Grace Church, Utica, New York

Design attributed to: Richard Upjohn (English, 1802 - 1878; active New York, New York after 1839)

Date: 1851
Medium: Watercolor, gouache, and graphite on paper
Dimensions:
Overall: 18 11/16 x 14 7/8in. (47.5 x 37.8cm)
Inscribed: 'Perspective view of Grace Church, Utica, N.Y. / as designed by Richard Upjohn, Architect, early in the / year 1851, at the request of Alfred Munson of Utica. / This view drawn and colored in Mr. Upjohn's office / in New York, was, after the death of Alfred Munson, May 6, 1854, / brought thence and presented to his daughter, Mrs. J. Watson Williams, / by Rev.
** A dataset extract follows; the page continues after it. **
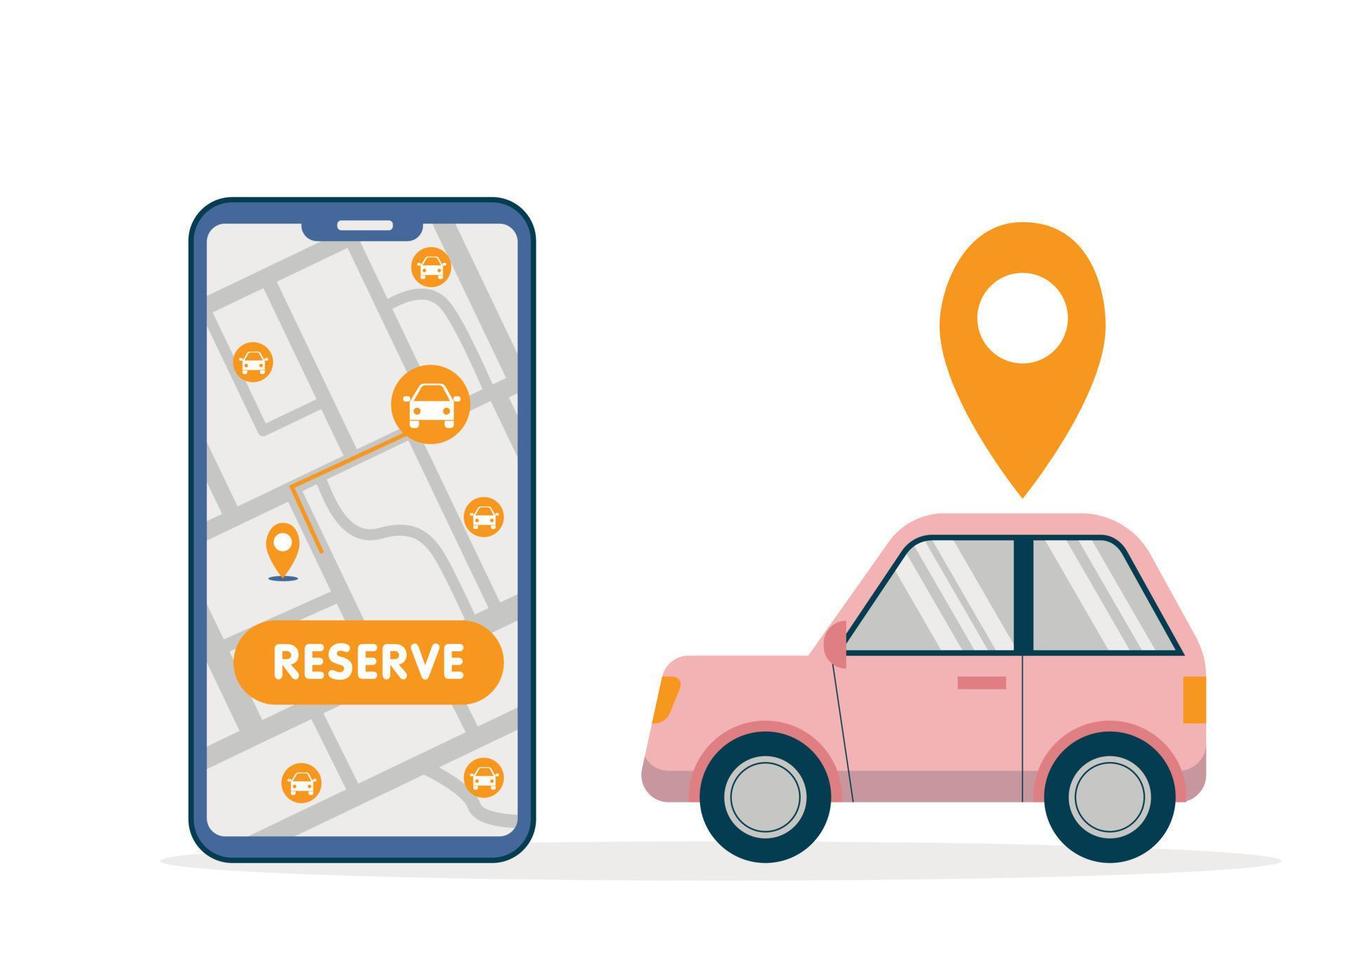 ilustración simple de uso compartido de automóviles con un gran teléfono inteligente con búsqueda gratuita de automóviles y mapa de reserva y automóvil rosa en estilo plano vector

John J. Brandegee, the then Rector of the Parish.'
Credit Line: Proctor Collection
Object number: PC. 945
Label Text
An unsigned inscription on the back of this watercolor provides important information about the work’s subject and author, as well as its connection to the family that founded the Munson-Williams-Proctor Arts Institute: “Perspective view of Grace Church, Utica, N.Y. / as designed by Richard Upjohn, Architect, early in the / year 1851, at the request of Alfred Munson of Utica. / This view drawn and colored in Mr. Upjohn’s office / in New York, was, after the death of Alfred Munson, May 6. 1854, / brought thence and presented to his daughter, Mrs. J. Watson Williams, / by Rev. John J. Brandegee, the then Rector of the Parish.”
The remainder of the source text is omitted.